The Gnutella network is a peer-to-peer network, all the hosts on the network are treated equal regardless of their bandwidth capabilities or computation power or other properties (like uptime, connection capability etc). Nodes on the network communicate using either of Gnutella Protocol 0.4 [PROT04], or an enhanced version that uses new Connection Handshaking mechanism [GC01], both of which have many interesting properties. New hosts can join any time, and the current hosts on the network may leave the network any time. The ability to have a dependable network, without dependence on any particular host (or set of hosts), is a remarkable feature of gnutella that has led to its immense popularity. Along with this there are many other remarkable features of gnutella network [WHYGNUT01] that distinguish it from other systems.

But along with all the good features that gnutella possesses, there have always been doubts cast upon the scalability of gnutella network. That’s primarily because of the overabundance of messages flowing thru the gnutella network including broadcast pings and queries, as well as the inability to assure content availability close enough to the searching host. Queries are sent to large number of hosts in an attempt to secure a hit from few of them. This has led to bandwidth problems in the past as well as in the present.

Gnutella developers have taken a number of very promising initiatives to reduce the number of messages flowing in the gnutella network, by making the methods more directed as well as carry more information. Notable among these are Ping Pong Scheme Proposal [CV01] which reduces the number of messages by eliminating the ones not contributing much to the system, Meta Information Search Proposal (S01) which attempts to make search more specific, and Query Routing Proposal [C00] which reduces the query traffic by doing selective broadcast.

Although the above initiatives are a promising step towards making the network efficient, there definitely exist other supplementary schemes, one of which is the scheme proposed in this paper that has a major potential of making network scalable and efficient. We propose a scheme which if implemented will create a two level hierarchy of nodes in the gnutella network, where faster nodes (ones having better networking capabilities and CPU power) take charge of much of the load on slower nodes. In the proposed scheme this restructuring of the network takes place automatically and dynamically, and works in unison with the other initiatives mentioned above. The restructured network will have a effect of significant reduction in the number of messages flowing thru the gnutella network.

At the same point, we would like to mention that the concept of the ultrapeers is not new, and has been in existence in variety of applications (including proxy access to web which has static ultrapeer selection, as well as distributed transaction processing which has dynamic ultrapeer selection algorithm).

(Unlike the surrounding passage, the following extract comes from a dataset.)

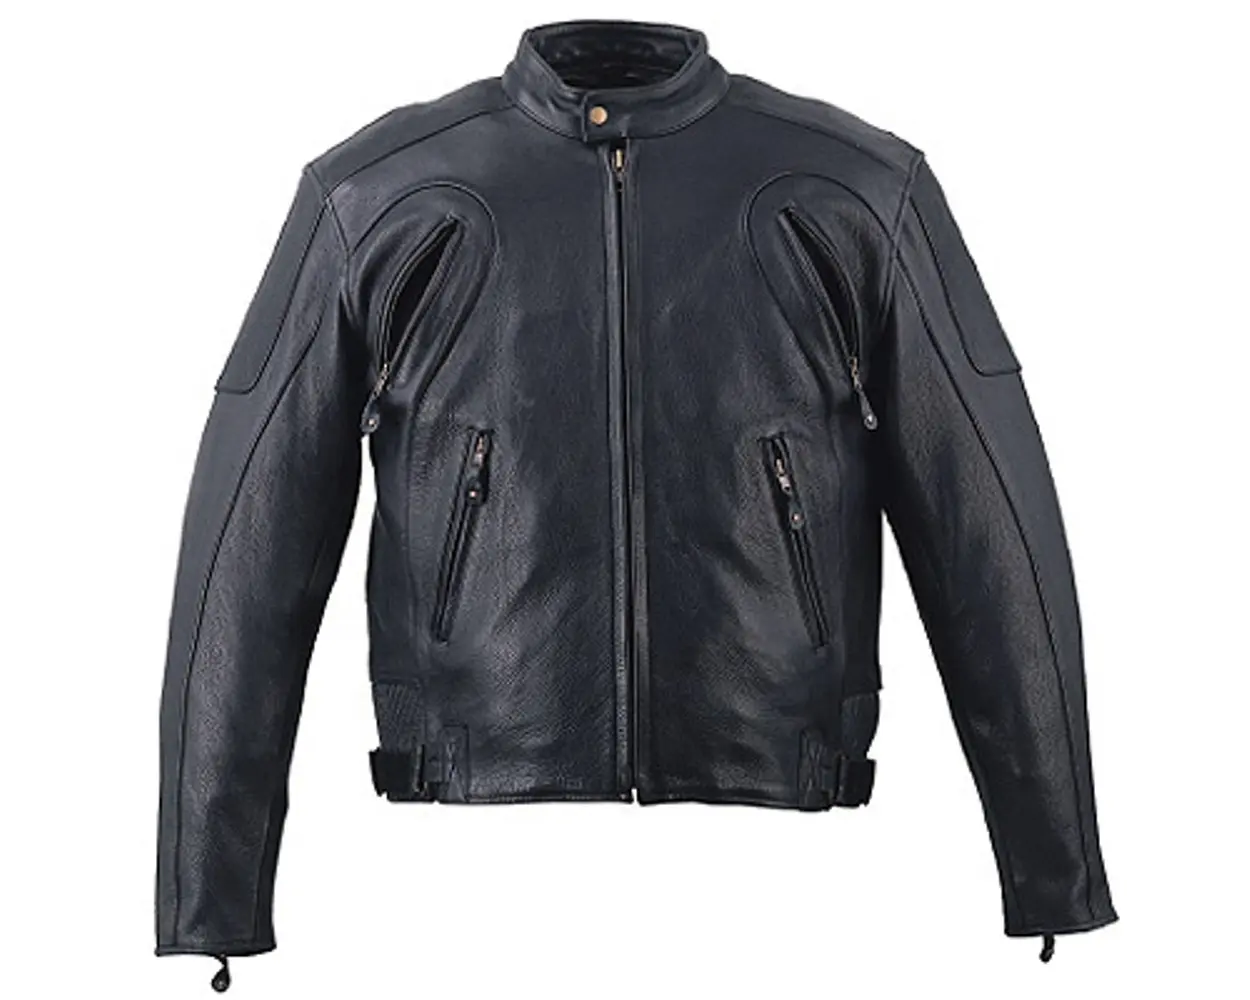 HMB-0521A jaket kulit pria, mantel pengendara sepeda motor ventilasi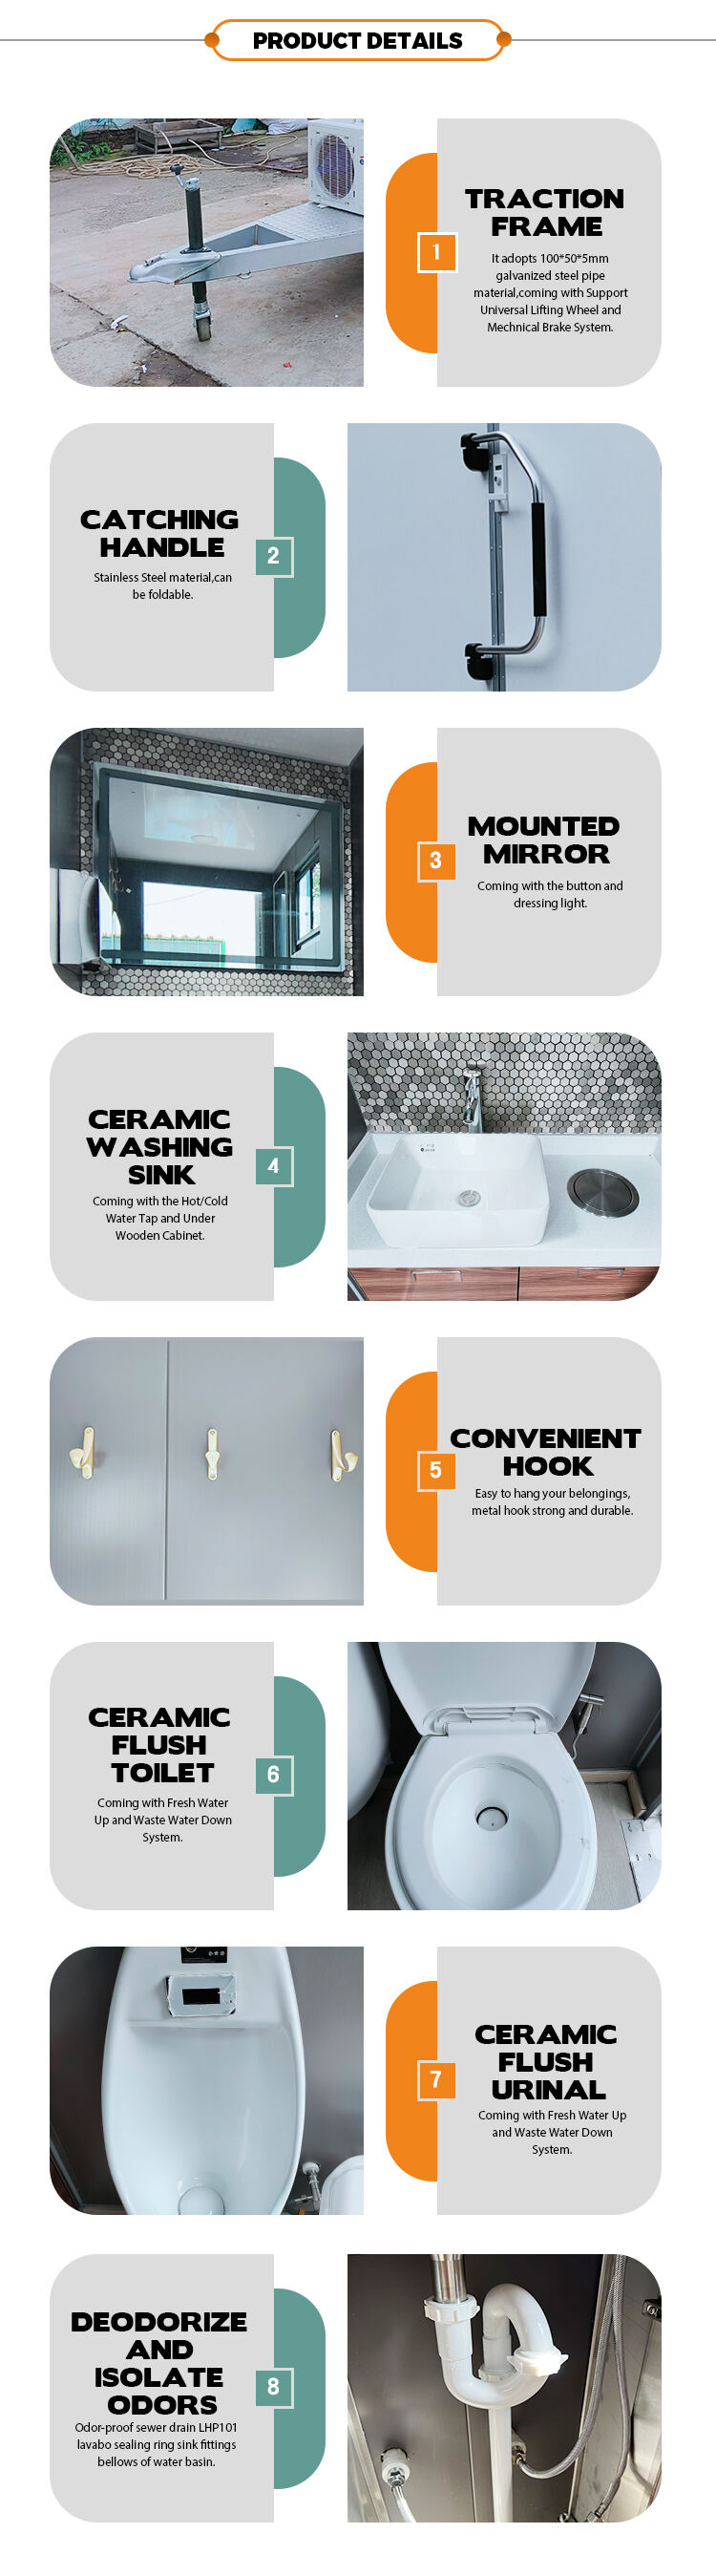 ADA Compliant Restroom Trailer Toilet Trailer Manufacturer details

Also it has been applied to recent peer-to-peer applications using FastTrack [FTRACK], or other such similar technologies. The application of the ultrapeer concept in Peer-to-Peer application has been done using proprietary algorithms and protocols. Our contribution in this paper is to come up with a scheme to implement the dynamic ultrapeer selection mechanism in the Gnutella network. No such scheme has been published as yet. Our approach may or may not be similar to the proprietary ones in existence, with which we have no way to compare.

We present our scheme as follows. First we describe how ultrapeers work in an ideal network with a static topology. In doing so, we discuss options for ultrapeers to index [xyz1] leaf nodes. Next we tackle the more difficult problem of “ultrapeer election”, i.e., of dynamically constructing a tiered network. We describe a handshaking mechanism based on the recent Gnutella 0.6 protocol in detail and the concept of “ultrapeer guidance”. Finally, we conclude with some performance observations and directions for future work.

2. Routing with Ultrapeers

Nodes in this network can be divided into leaf nodes and ultrapeers. Leaf nodes maintain only a single connection to a ultrapeer. Ultrapeers maintain many (10-100) leaf connections, as well as a small (<10) number of connections to other ultrapeers. Ultrapeers shield leaf nodes from virtually all ping and query traffic. This can be done in one of two ways:

Hybrid schemes are of course possible. However, we recommend QRP routing for several reasons [xyz4]:

A more difficult question is how ultrapeers communicate amongst themselves. Initially we recommend simple broadcast as with the current Gnutella protocol. Eventually ultrapeers may use more complicated protocols. One idea is for a ultrapeer to not forward a query if it receives a large number of replies from its leaf nodes. QRP could also be used between ultrapeers.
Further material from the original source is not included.